Return the full set of entries below exactly, leaving every image out.

#### Information provided ####

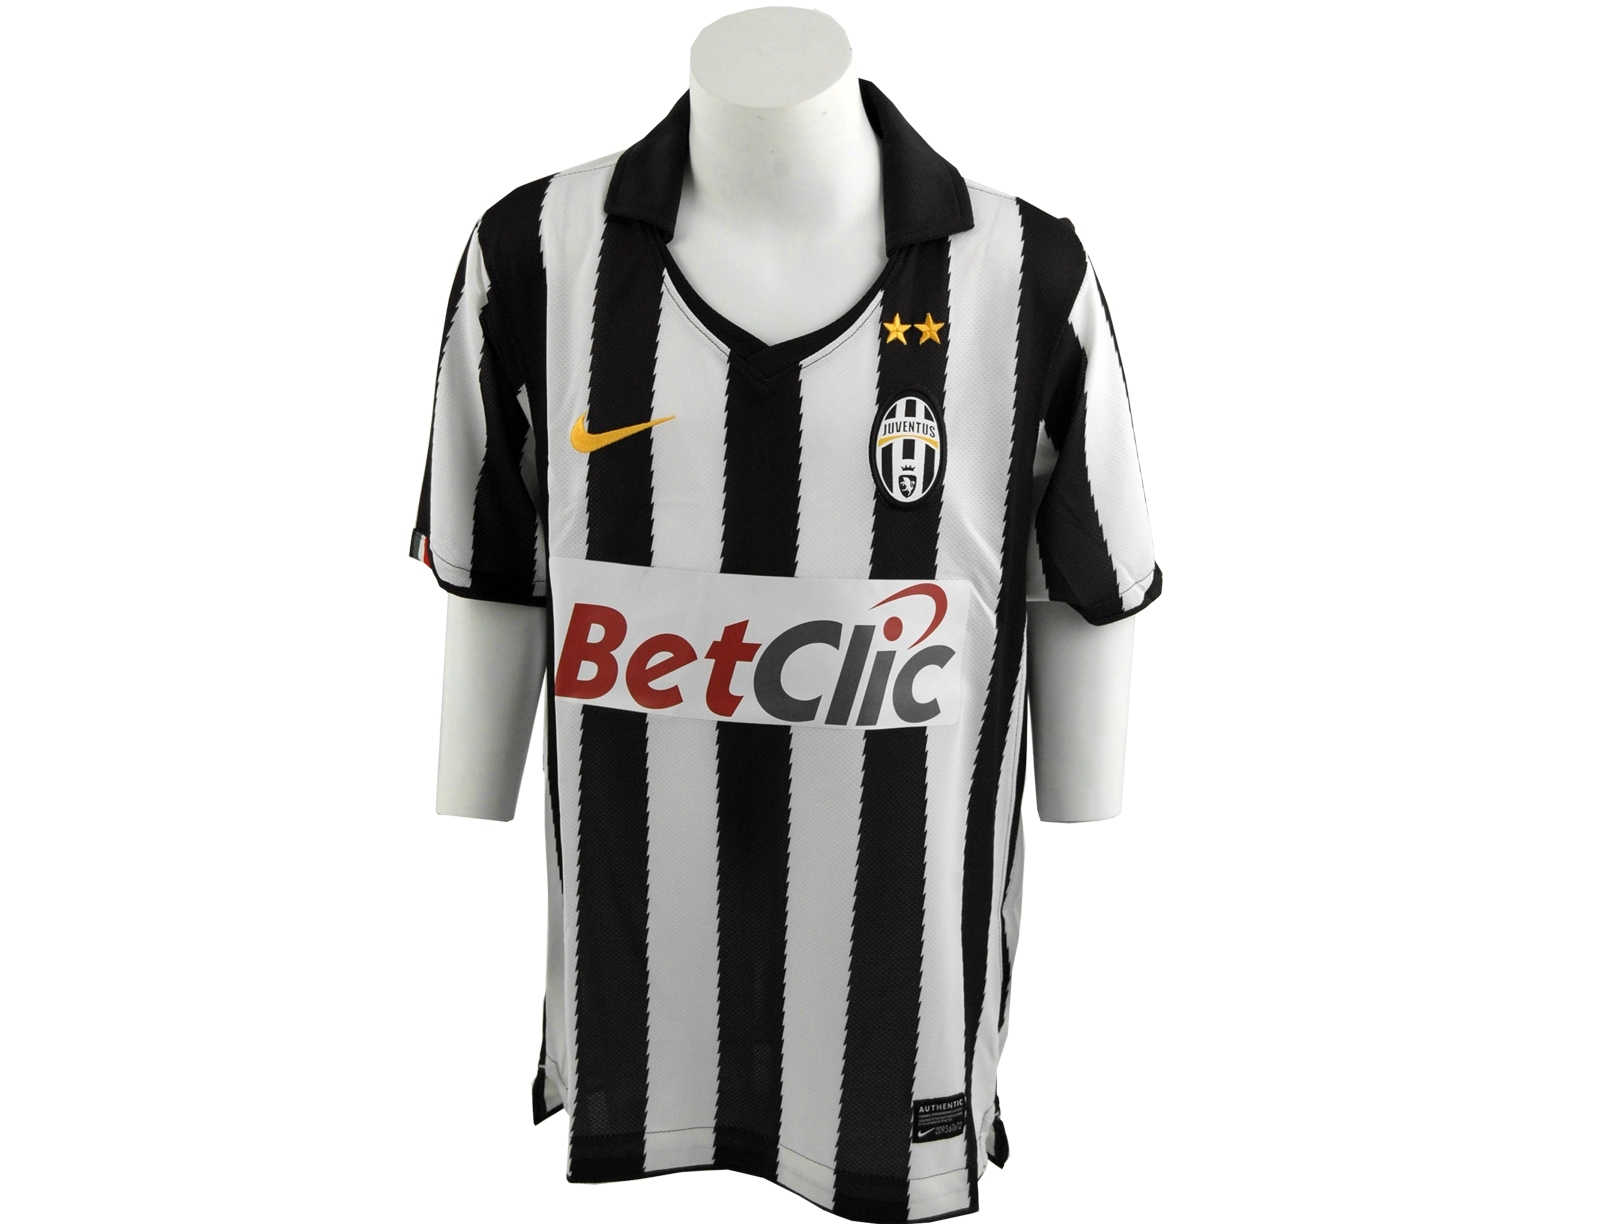 Avantisport - Nike - Juventus Boys Short Sleeve Home Jersey - Nike Juventus
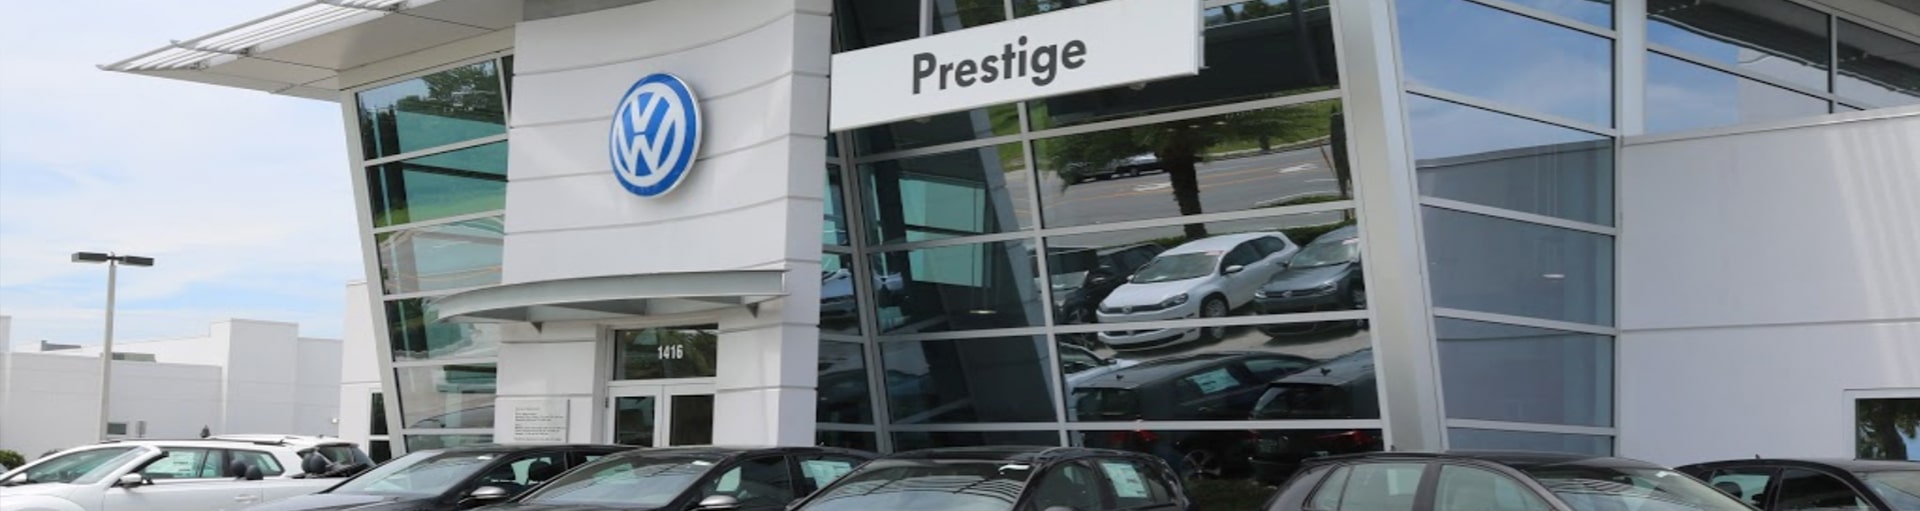 Prestige Volkswagen of Melbourne VW Service Near Cocoa, FL
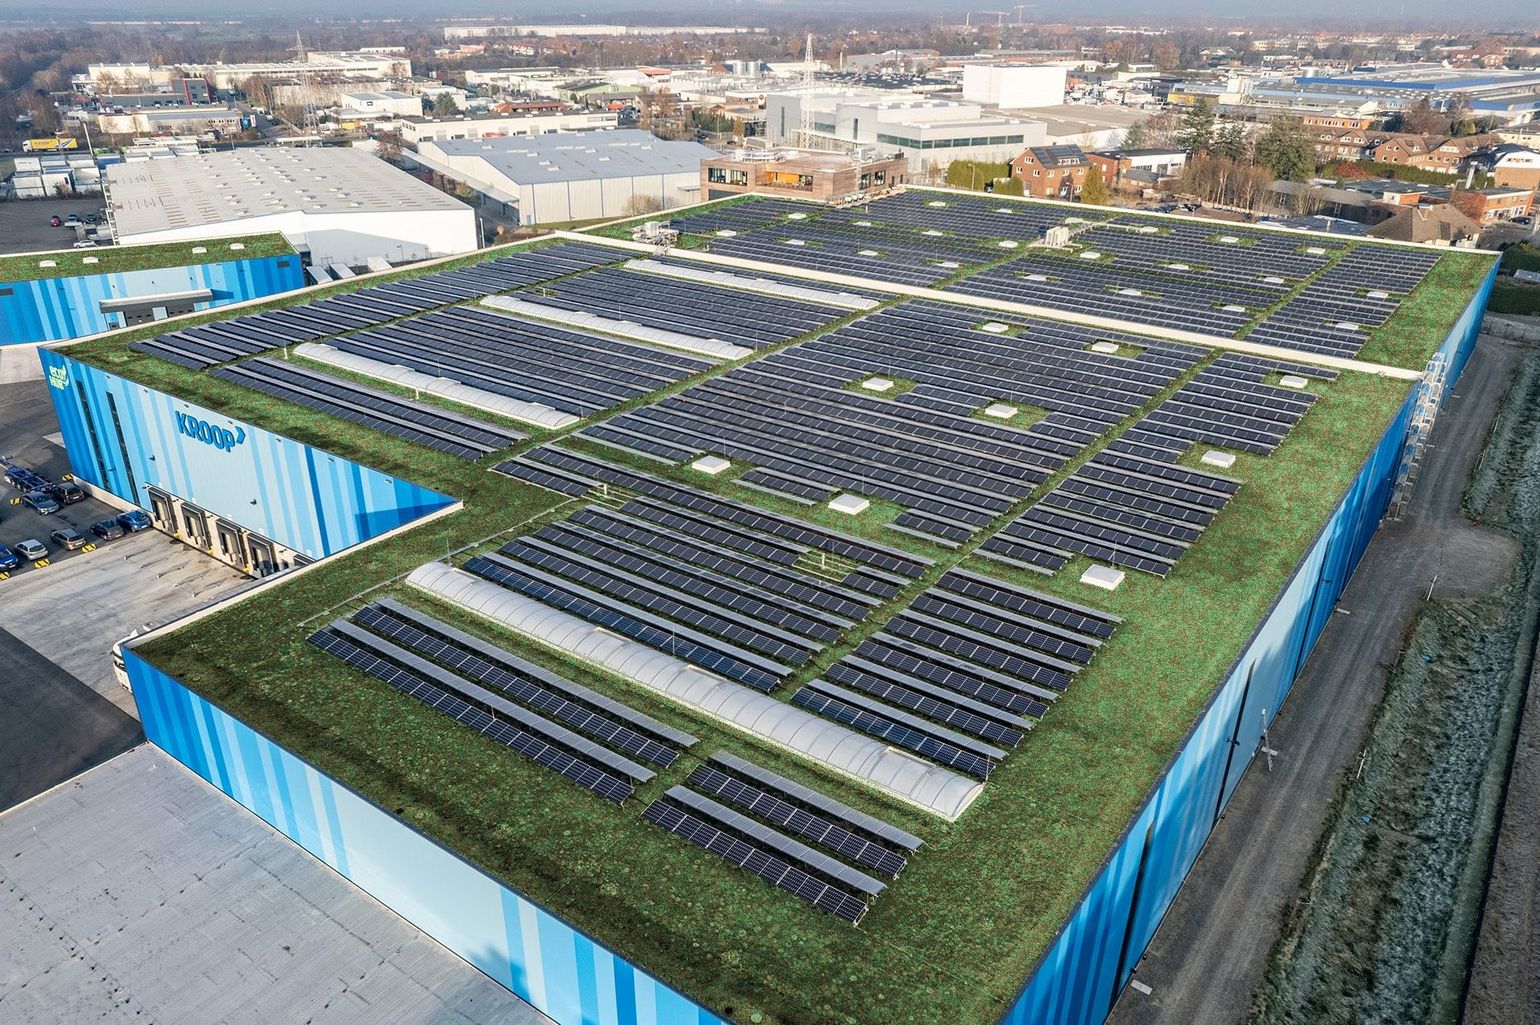 Luftaufnahme von einem Industrieleichtdach mit Photovoltaik und extensiver Dachbegrünung.
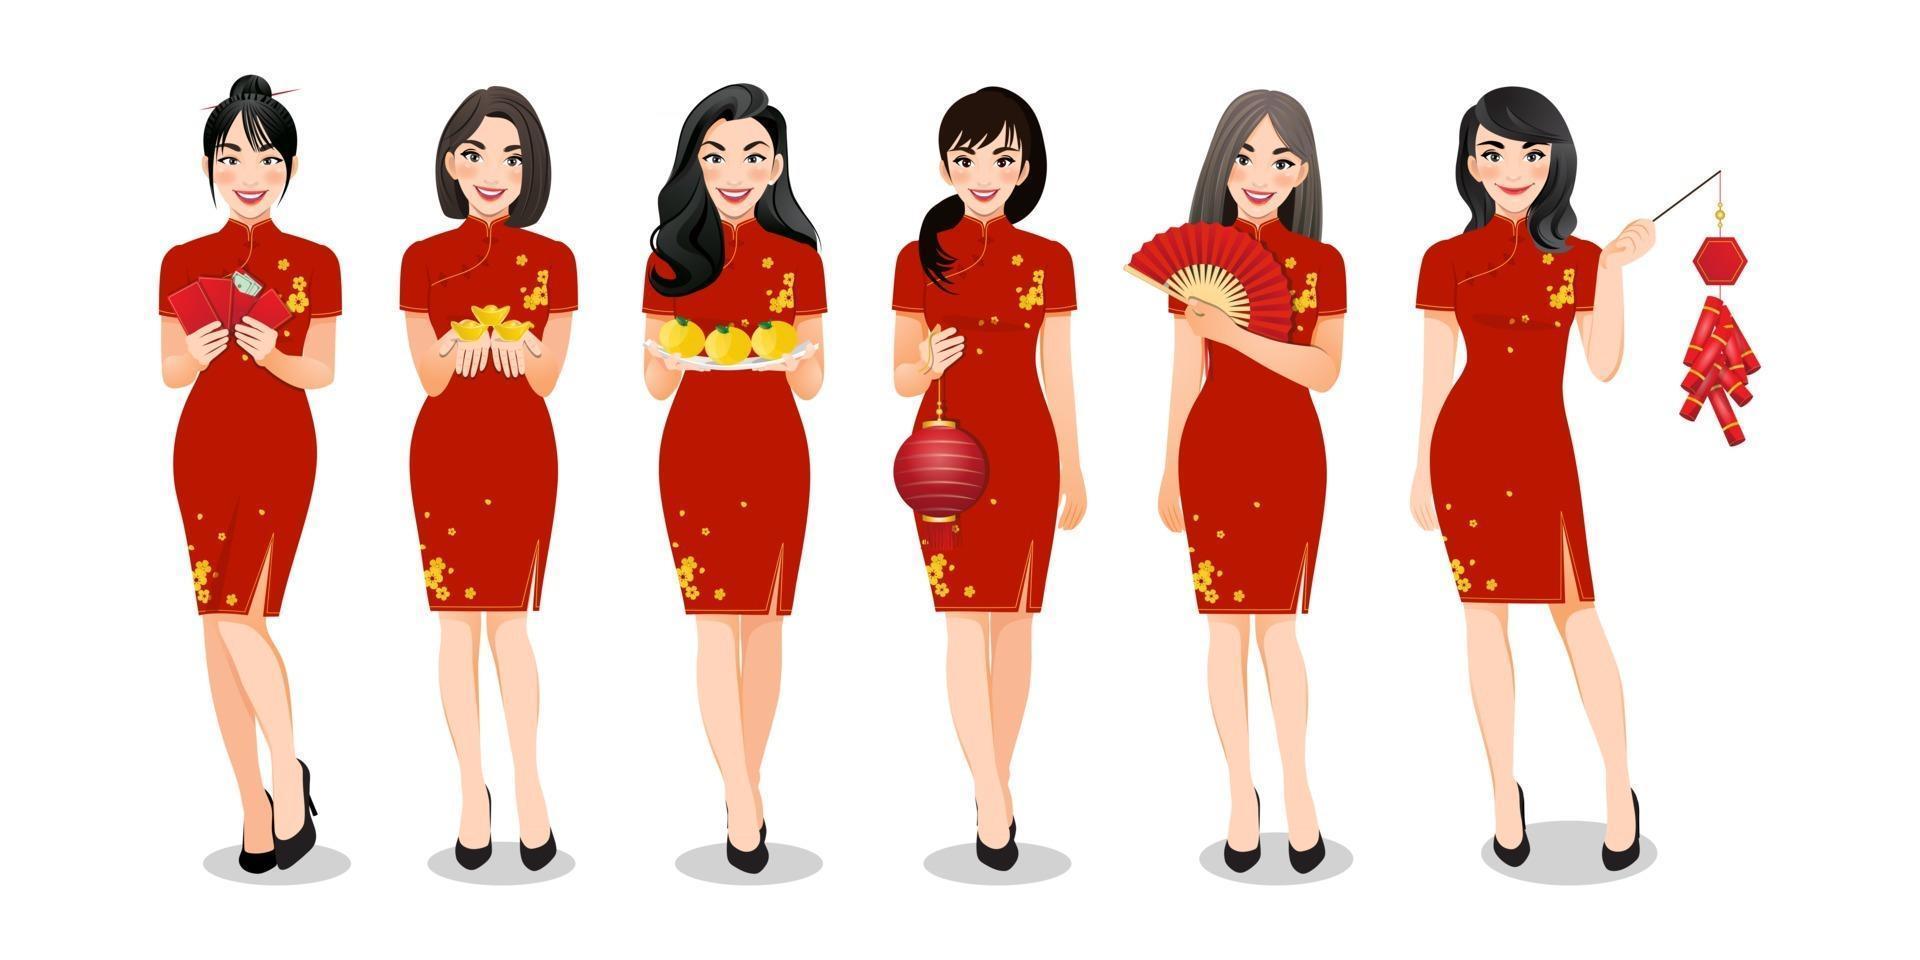 groupe de femmes chinoises tenant des éléments du nouvel an chinois dans un ensemble de vêtements de style traditionnel et différents gestes isolés illustration vectorielle vecteur
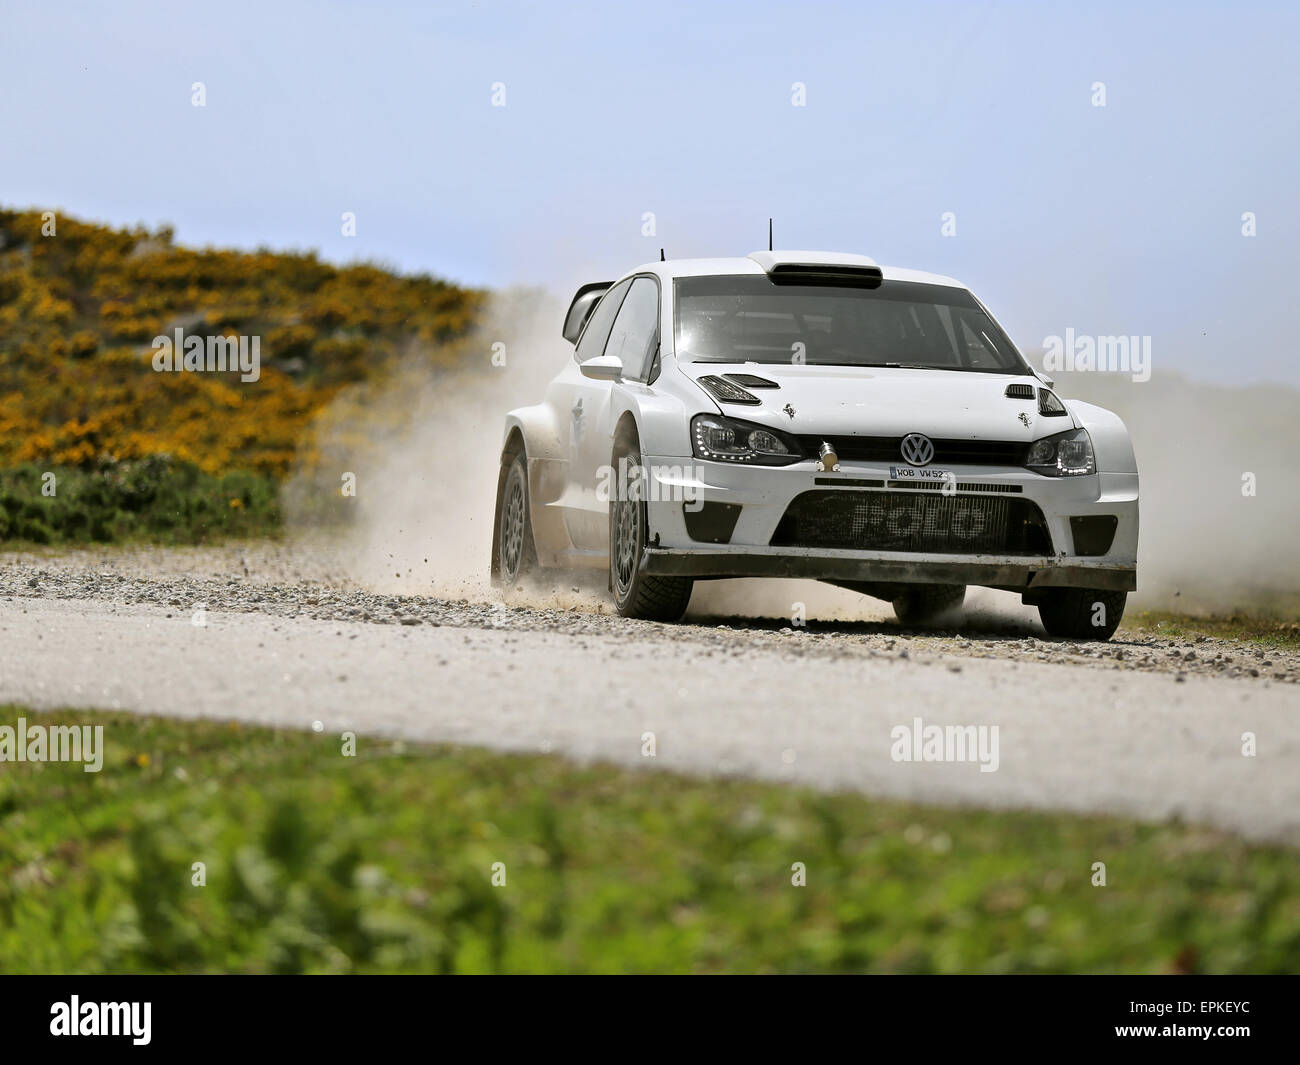 VIANA DO CASTELO, Portogallo - 12 Maggio: Volkswagen Polo R WRC in fase di test per il Rally del Portogallo a Viana do Castelo, Portogallo, 12 maggio 2016. Foto Stock

####

Expected output:
 Avantisport - Nike - Juventus Boys Short Sleeve Home Jersey - Nike Juventus
 Prestige Volkswagen of Melbourne VW Service Near Cocoa, FL
 Luftaufnahme von einem Industrieleichtdach mit Photovoltaik und extensiver Dachbegrünung.
 groupe de femmes chinoises tenant des éléments du nouvel an chinois dans un ensemble de vêtements de style traditionnel et différents gestes isolés illustration vectorielle vecteur
 VIANA DO CASTELO, Portogallo - 12 Maggio: Volkswagen Polo R WRC in fase di test per il Rally del Portogallo a Viana do Castelo, Portogallo, 12 maggio 2016. Foto Stock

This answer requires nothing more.